(Records from a dataset)
|---|
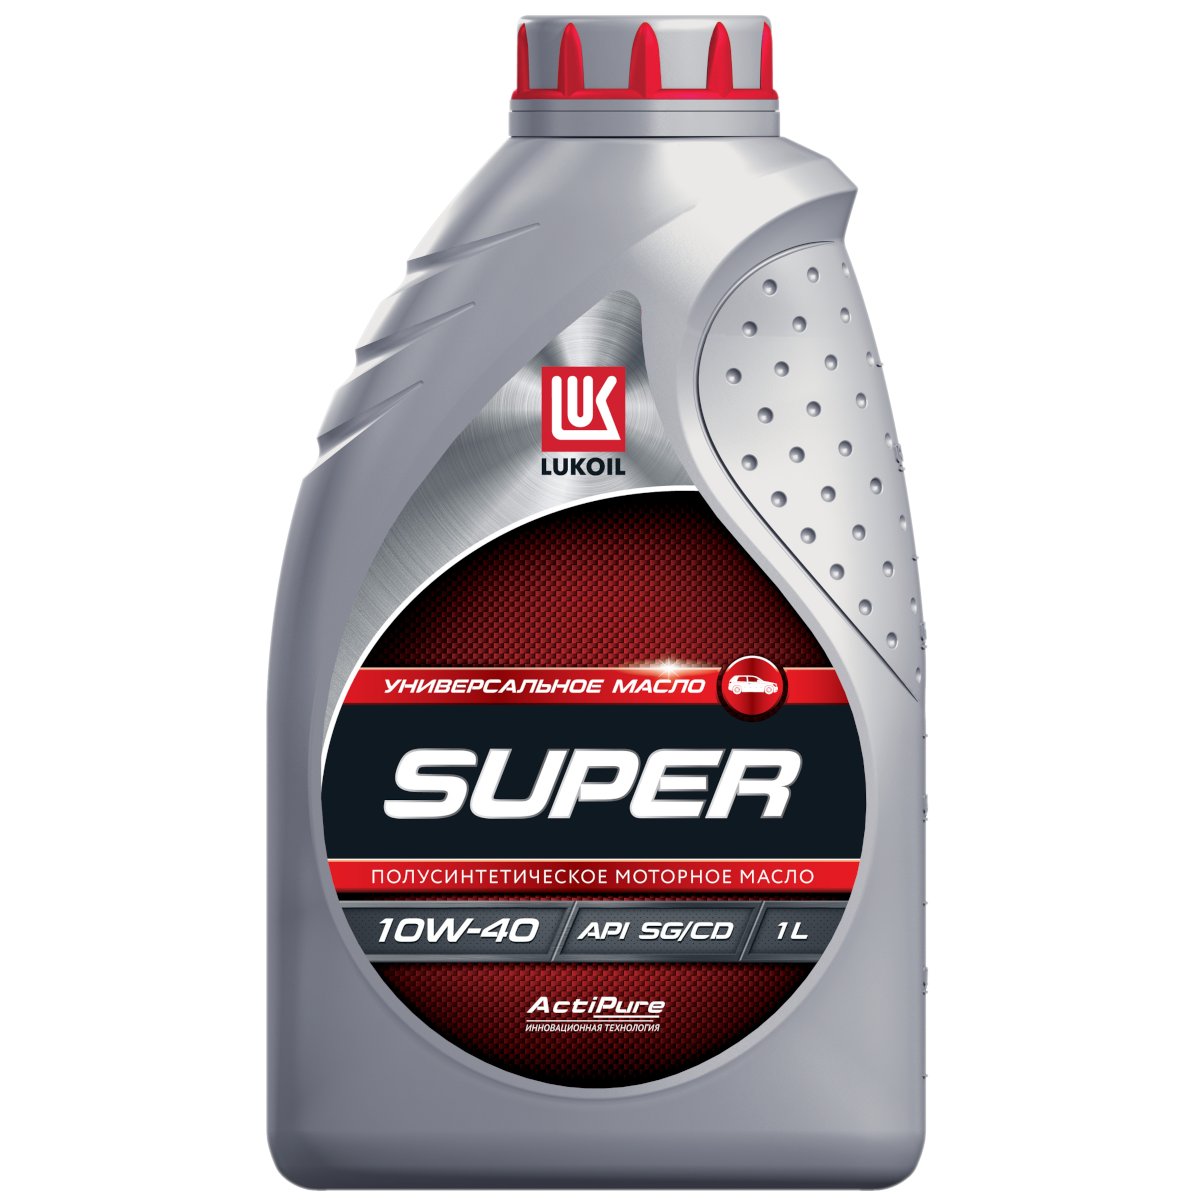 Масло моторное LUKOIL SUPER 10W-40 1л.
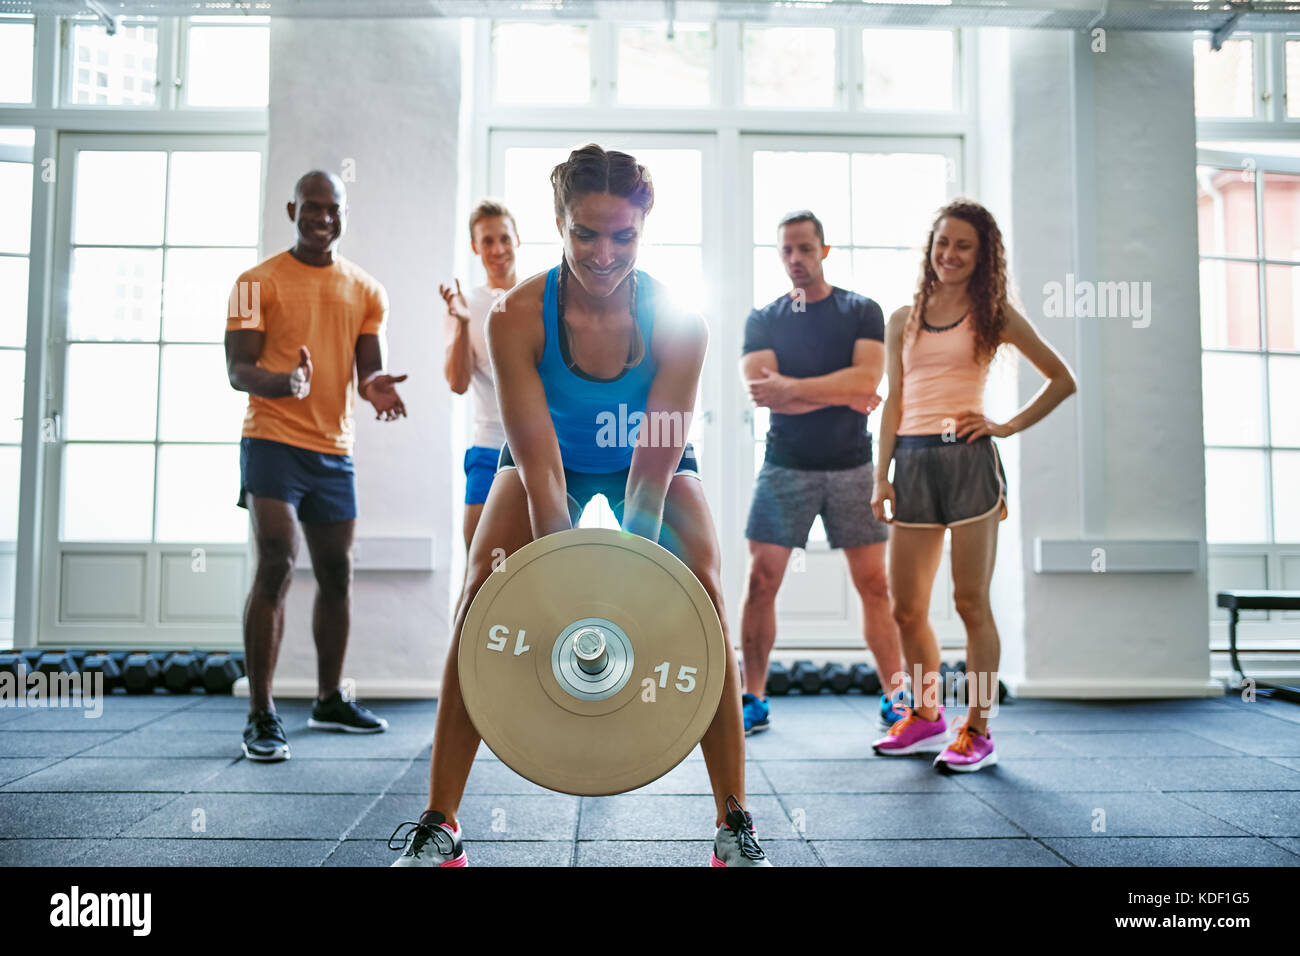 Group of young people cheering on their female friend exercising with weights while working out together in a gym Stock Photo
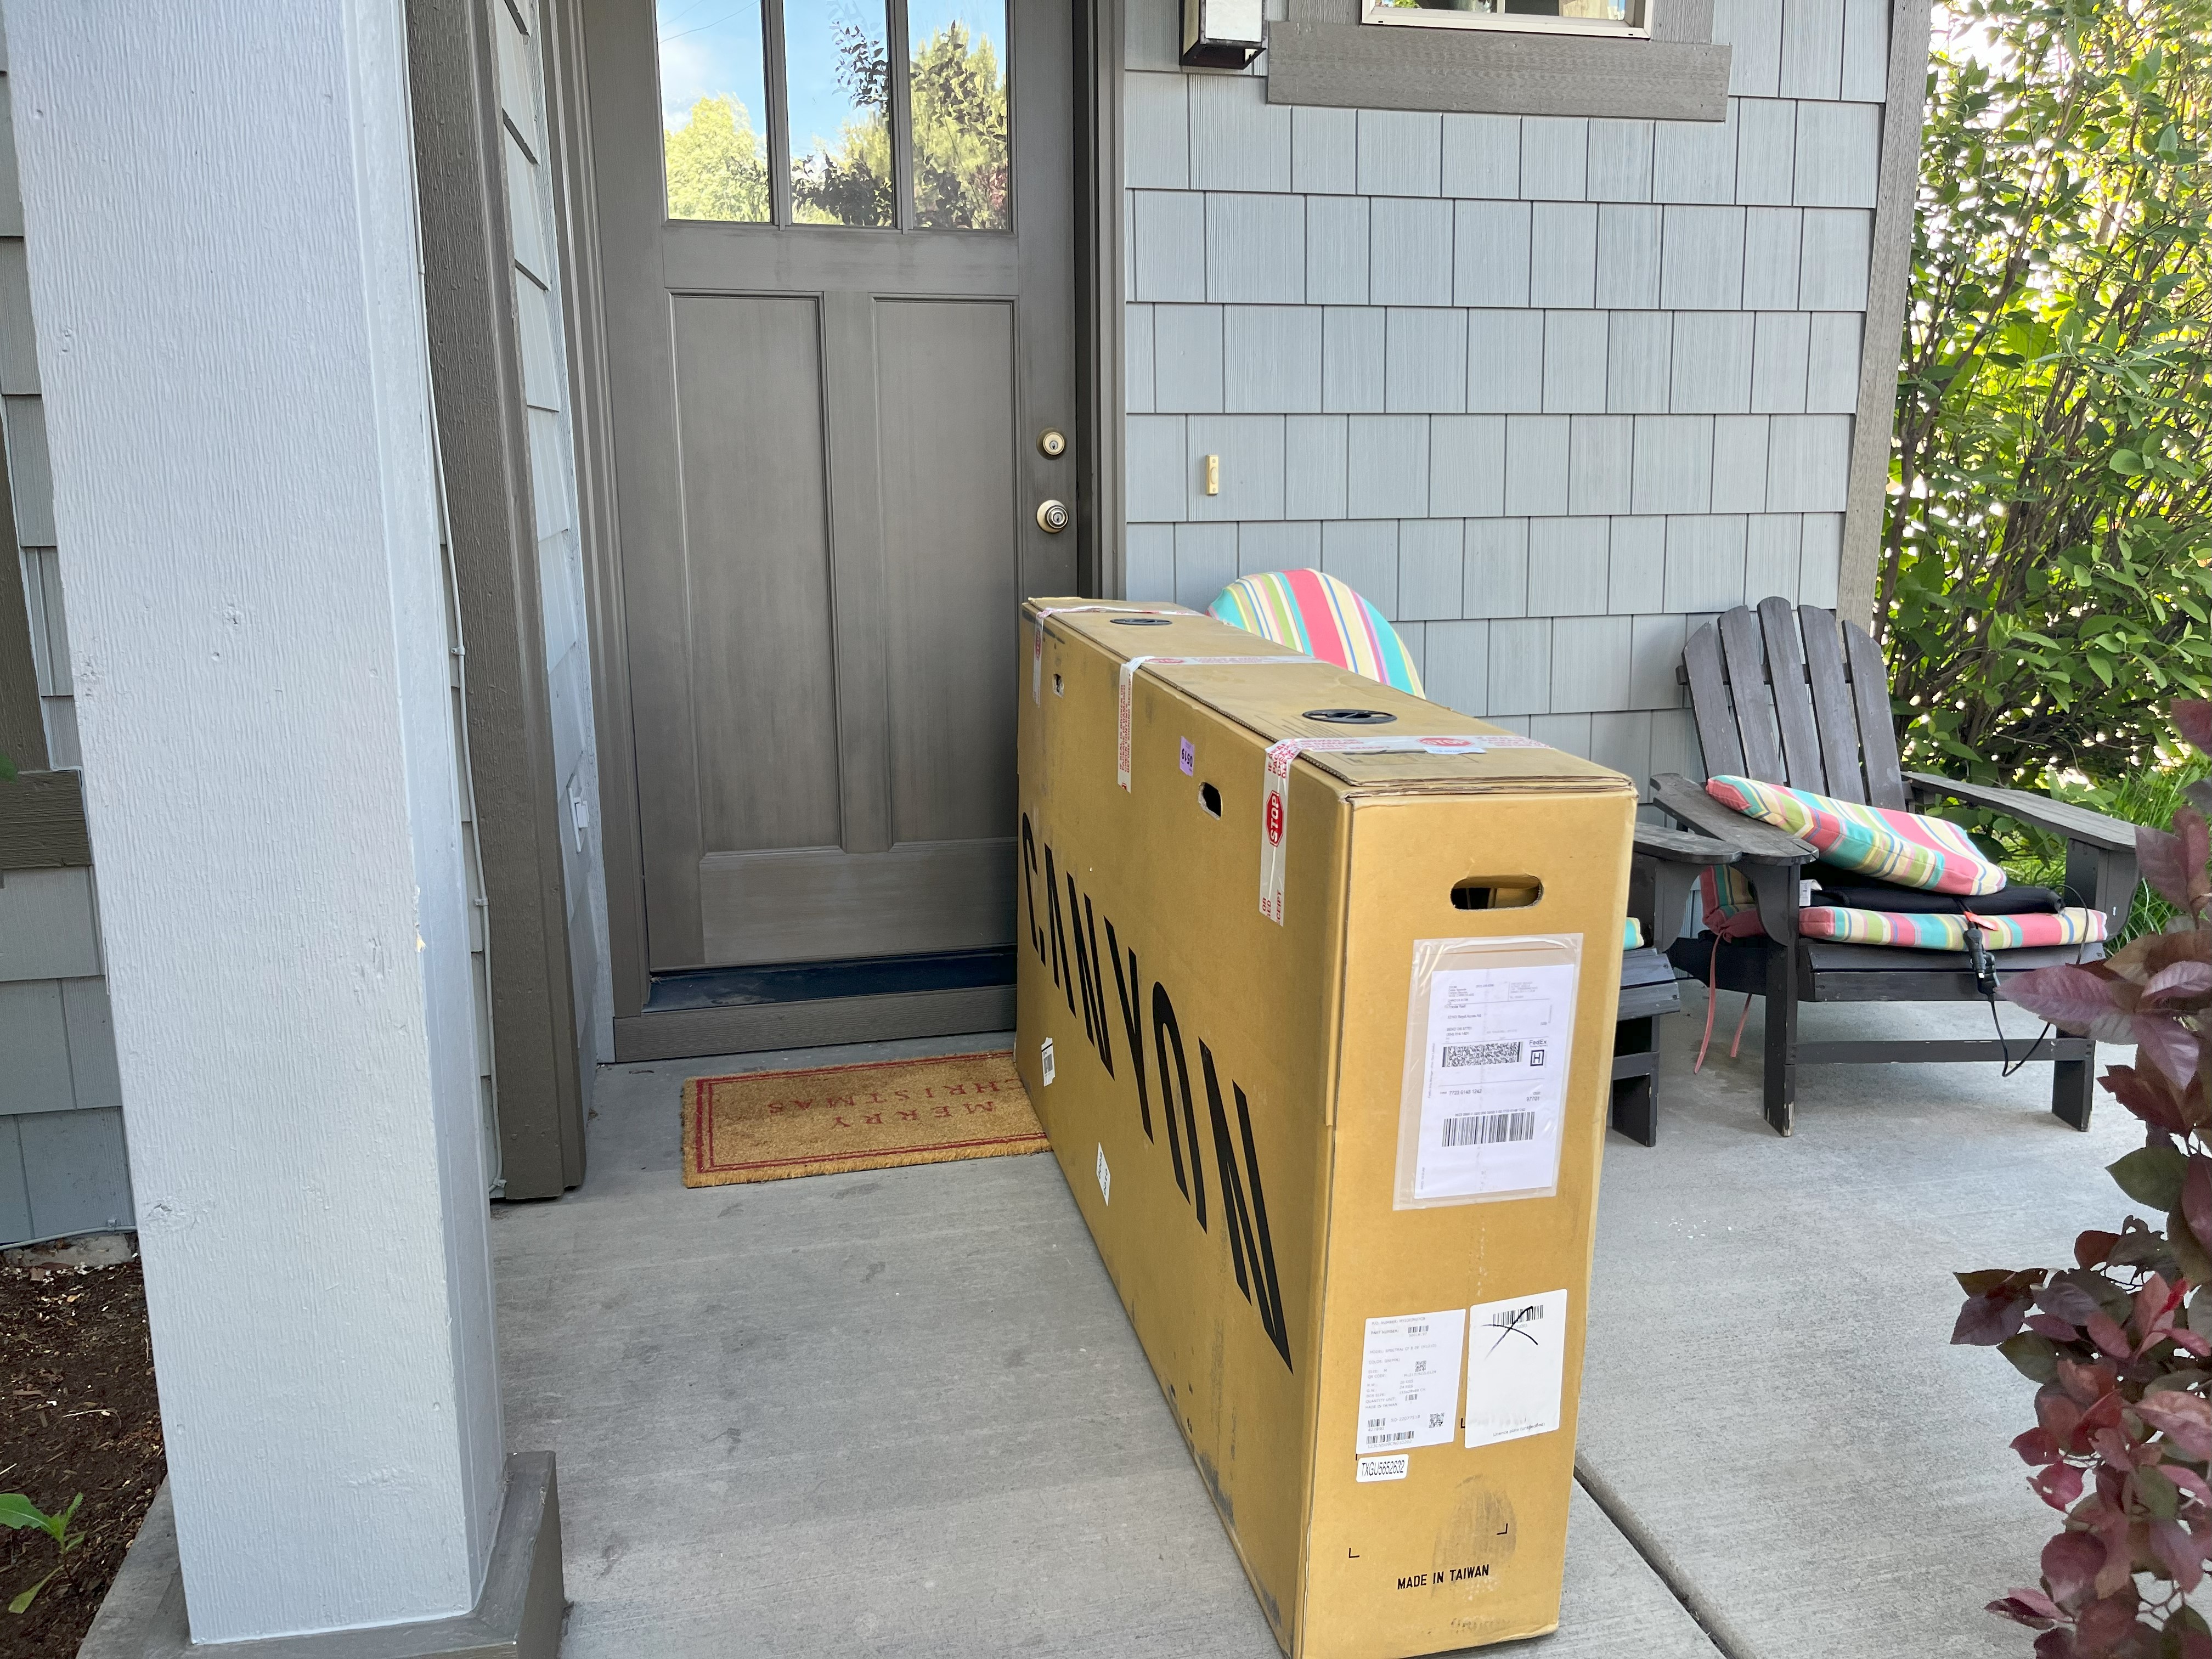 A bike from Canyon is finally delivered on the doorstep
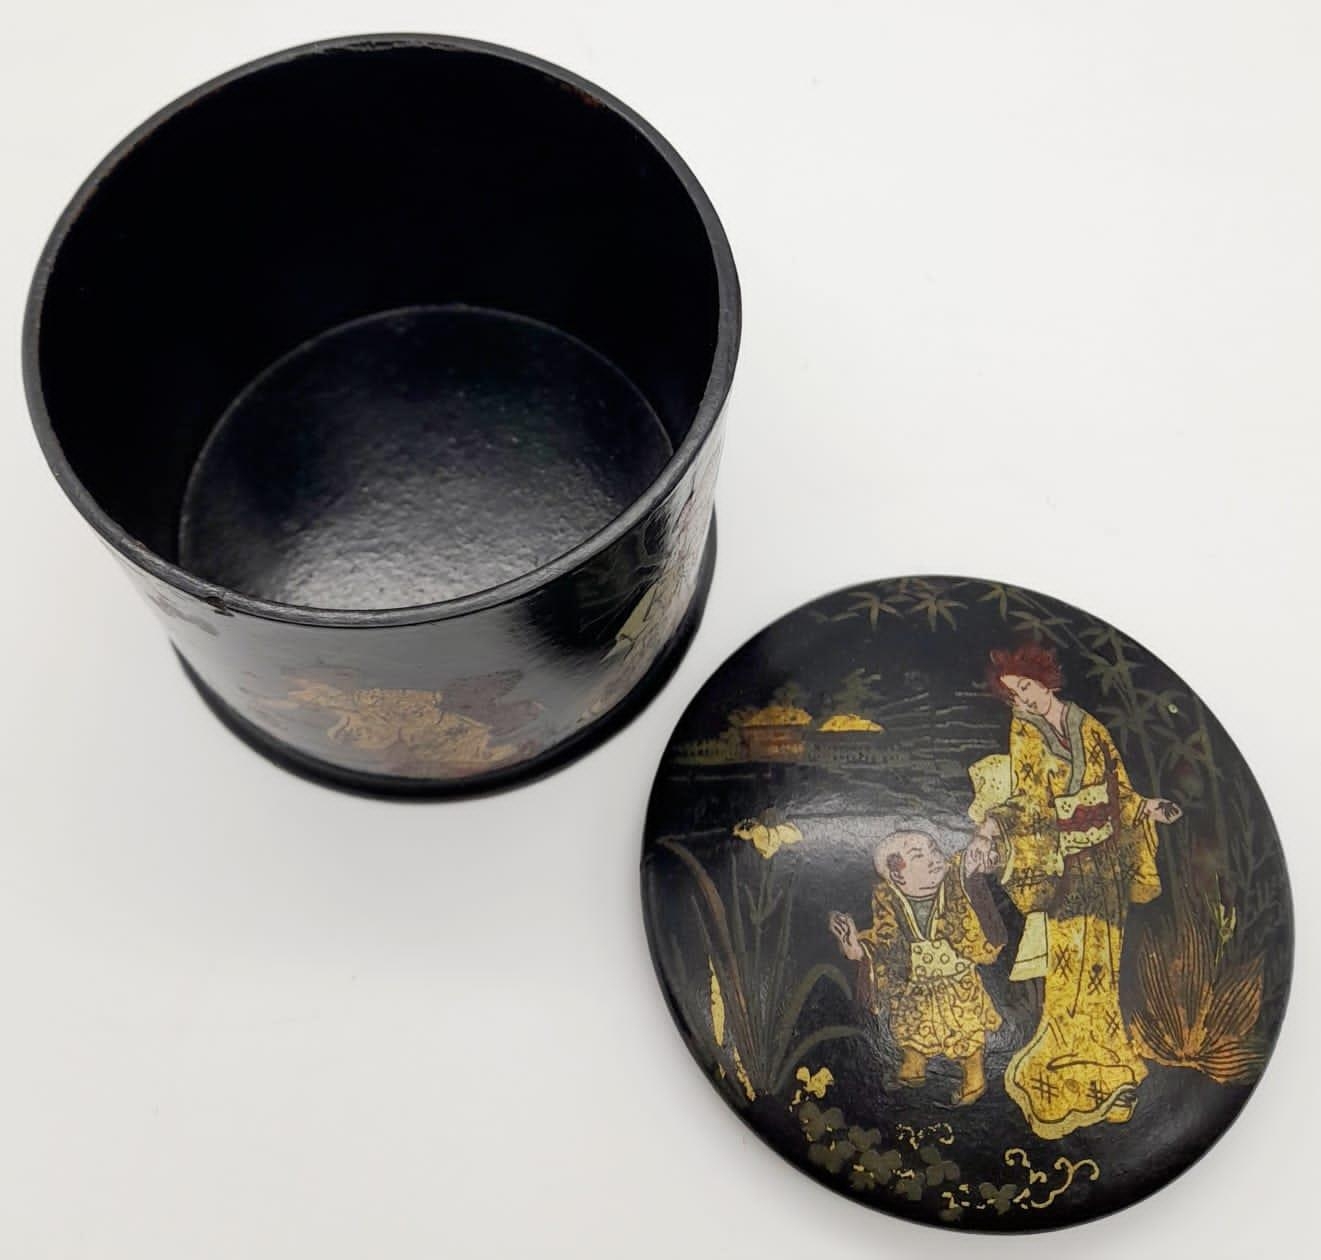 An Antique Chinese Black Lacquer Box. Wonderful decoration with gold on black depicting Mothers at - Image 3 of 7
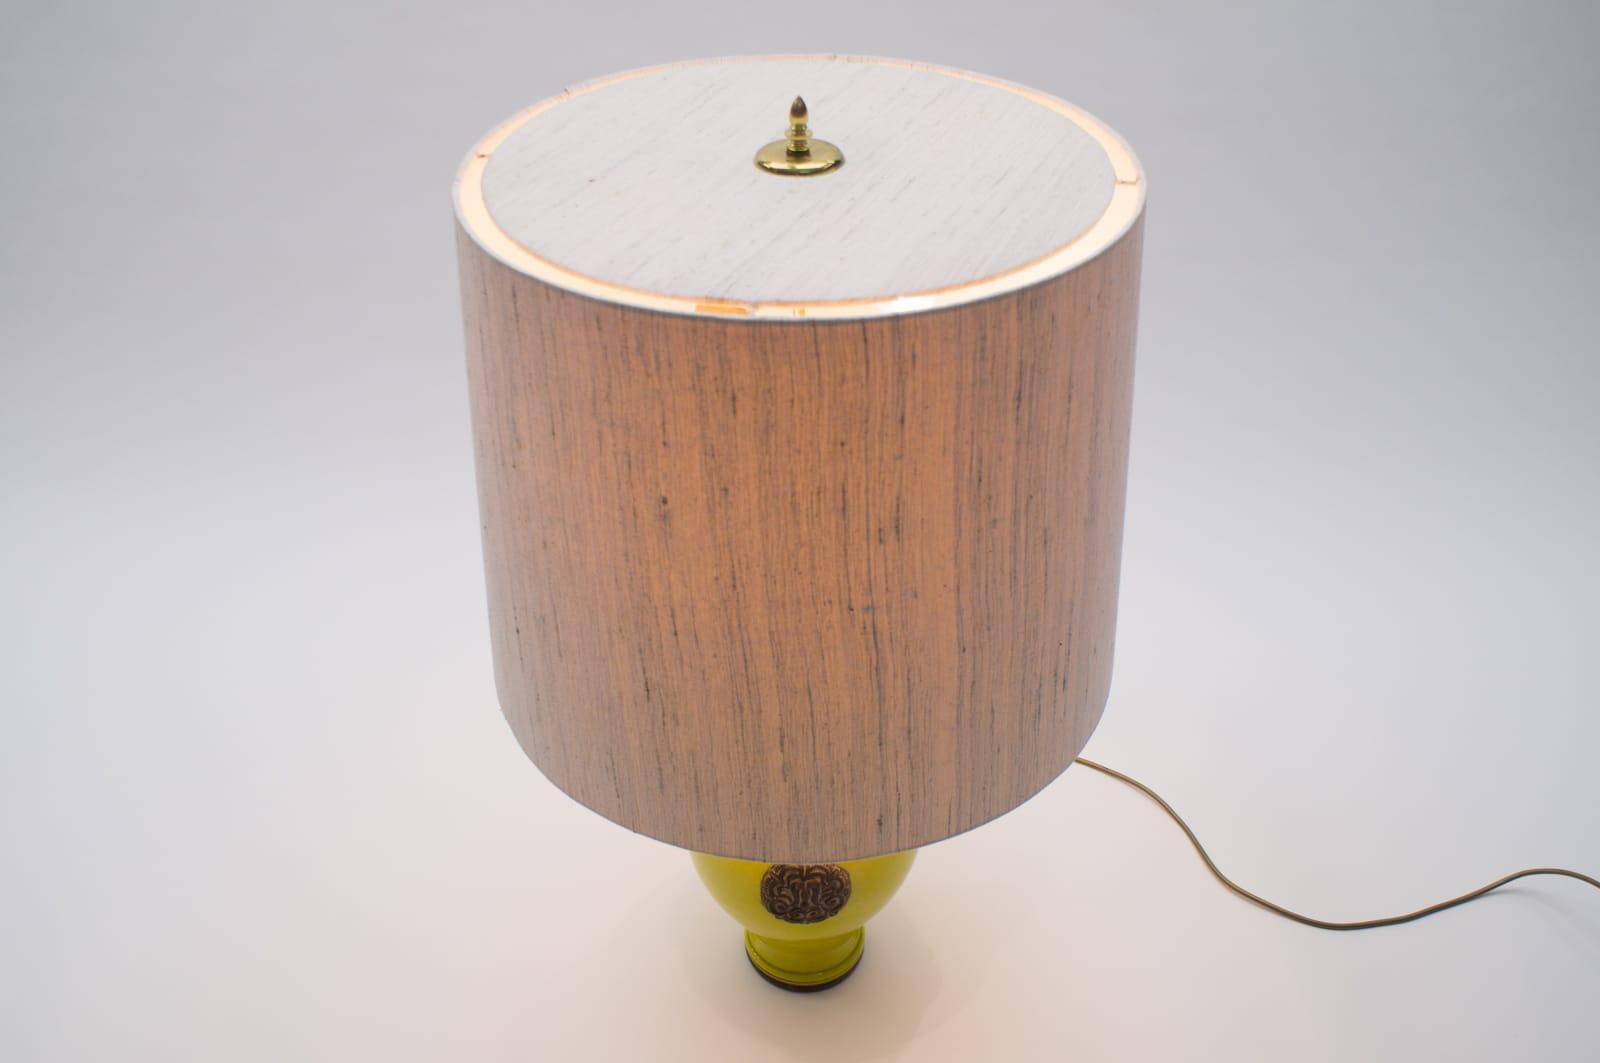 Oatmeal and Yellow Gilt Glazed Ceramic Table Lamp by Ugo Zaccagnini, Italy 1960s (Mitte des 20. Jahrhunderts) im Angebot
|---|
__Task__.
Output an exact copy of the lines from the one with "A bike from" through the closing line of the records, inclusive, without any images.

__Exercise response__.
 A bike from Canyon is finally delivered on the doorstep
 An Antique Chinese Black Lacquer Box. Wonderful decoration with gold on black depicting Mothers at - Image 3 of 7
 Oatmeal and Yellow Gilt Glazed Ceramic Table Lamp by Ugo Zaccagnini, Italy 1960s (Mitte des 20. Jahrhunderts) im Angebot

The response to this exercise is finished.